Former U.S. President Donald Trump is accompanied by members of his legal team, Susan Necheles and Joe Tacopina, as he appears in court for an arraignment on charges stemming from his indictment by a Manhattan grand jury, in New York City on April 4, 2023. (Andrew Kelly/Reuters)

“Federal judges are more likely to rule in his favor because they have lifetime appointments,” Dershowitz explained. “I don’t think a state court judge has the courage. I don’t think state court jurors have the courage to acquit him.”

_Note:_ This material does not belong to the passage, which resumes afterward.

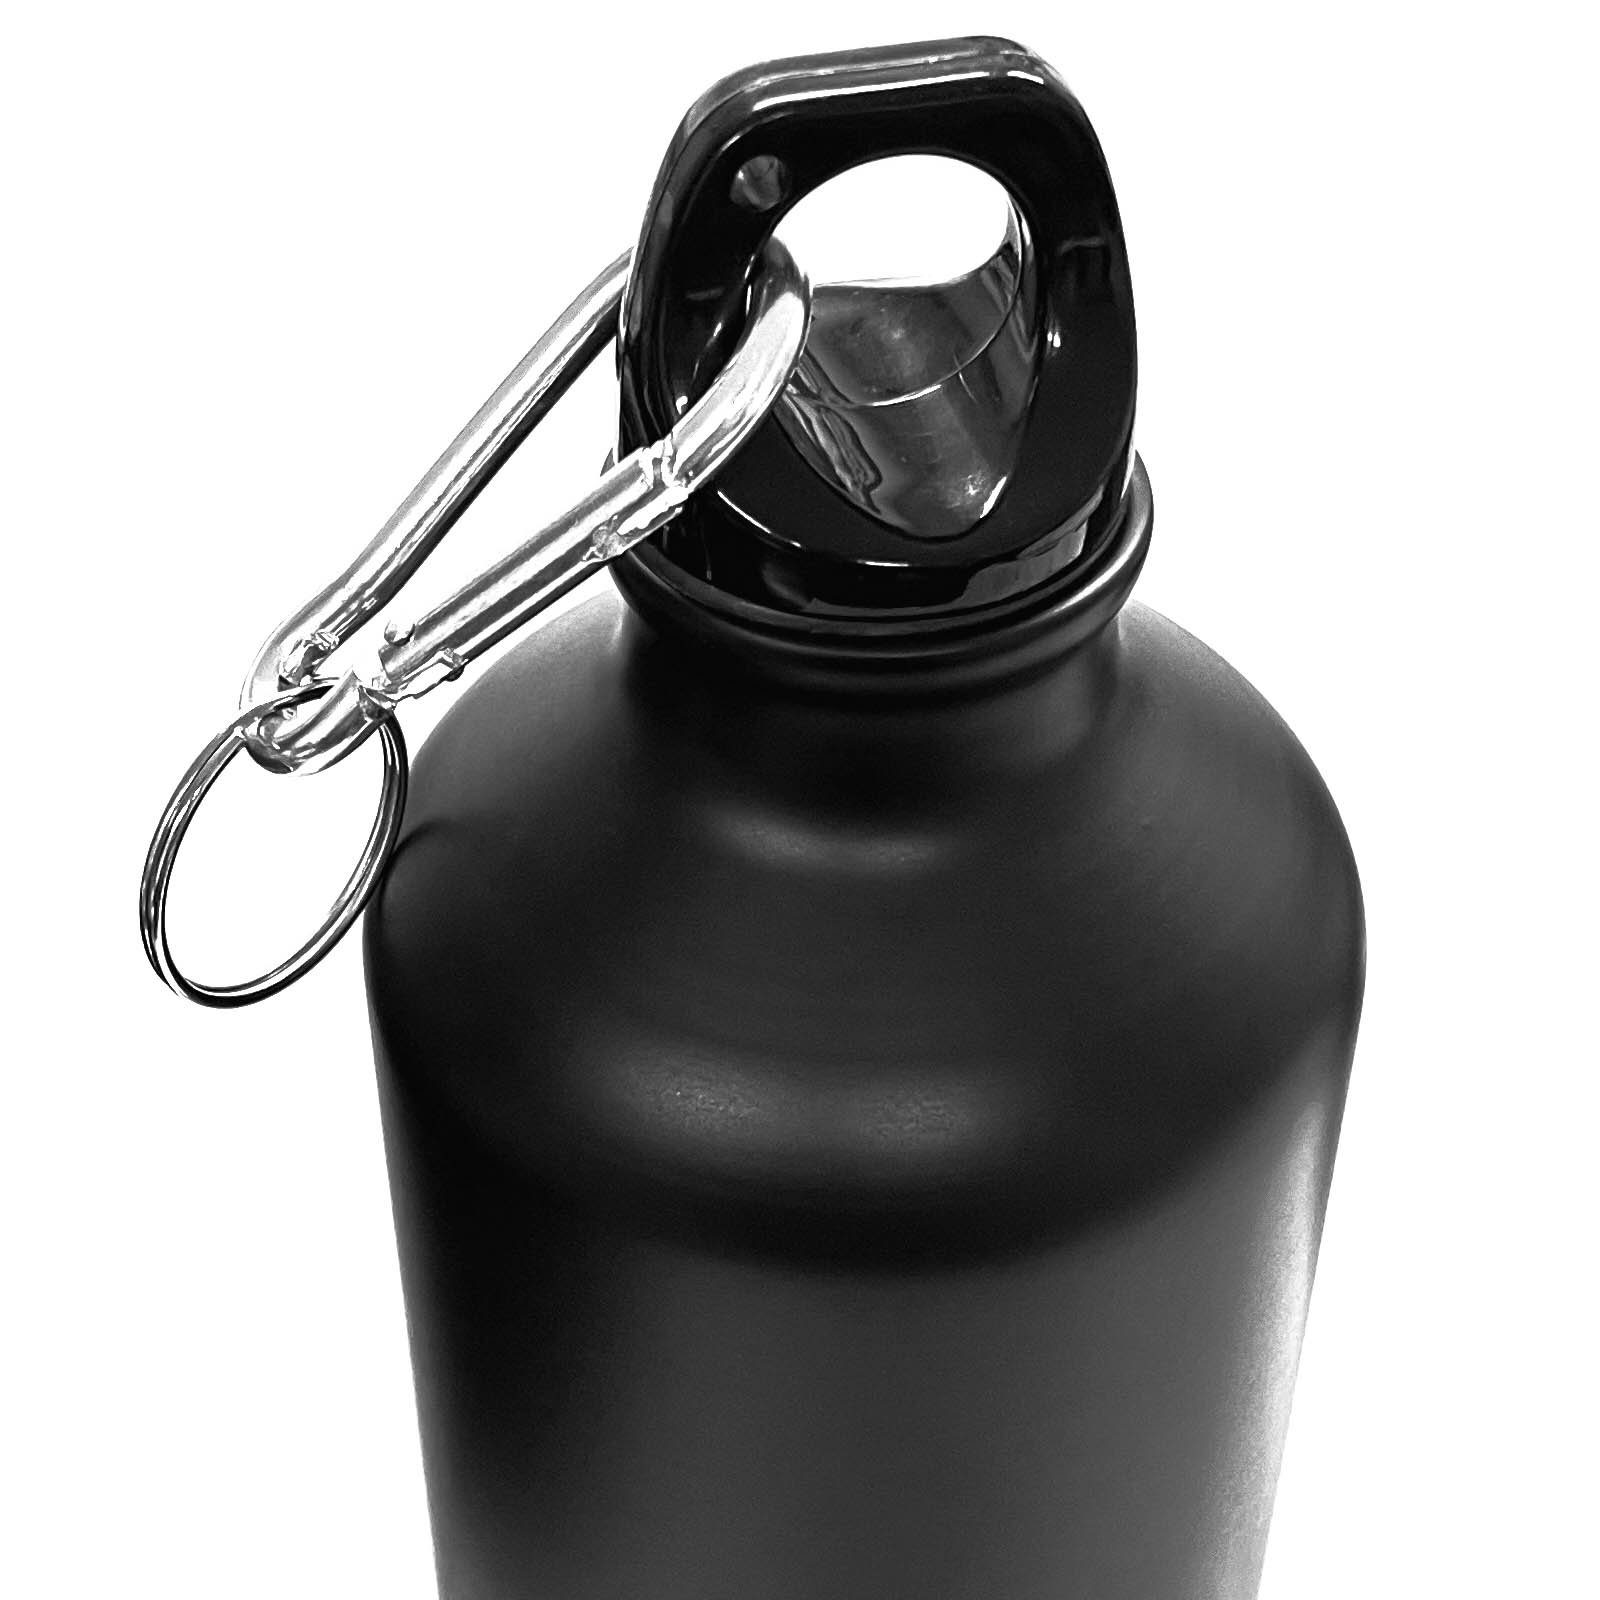 HAC24 Trinkflasche Aluminium Alu Wasserflasche Sportflasche 0,75l, fuchsia Aluflasche, Karabiner Fahrradflasche mit

The former president was charged in Manhattan with 34 counts of falsifying business records in connection to payments that he made to adult actress Stormy Daniels and former model Karen McDougal. Trump has denied those allegations, and his legal team has promised he would file motions to dismiss the case.

“The defendant, Donald J. Trump, falsified New York business records in order to conceal an illegal conspiracy to undermine the integrity of the 2016 presidential election and other violations of election laws,” said Assistant District Attorney Christopher Conroy on Tuesday.

During Tuesday’s arraignment, Judge Merchan didn’t impose a gag order. But he told Trump’s lawyers to call on him to refrain from social media posts that could encourage unrest, although he didn’t elaborate.

He also set the next in-person court hearing for Dec. 4, 2023. That date is about a month and a half before the Iowa Republican presidential caucuses are scheduled to start on Jan. 22, 2024.

After he returned to his Florida estate, Mar-a-Lago, Trump said he is innocent and being targeted for political purposes. Even some of his critics admitted during television interviews that Bragg’s case against Trump appears to be flawed.

“I never thought anything like this could happen in America,” Trump, a leading GOP candidate in the 2024 election, remarked of the New York City indictment. “This fake case was brought only to interfere with the upcoming 2024 election and it should be dropped immediately.”

A conviction would not prevent Trump from running or winning the presidency in 2024, Dershowitz and others have noted. The U.S. Constitution only bars people who are not natural-born citizens, those who haven’t lived in the United States for at least 14 years, and those under the age of 35 from running for president, and there is no mention of felony convictions.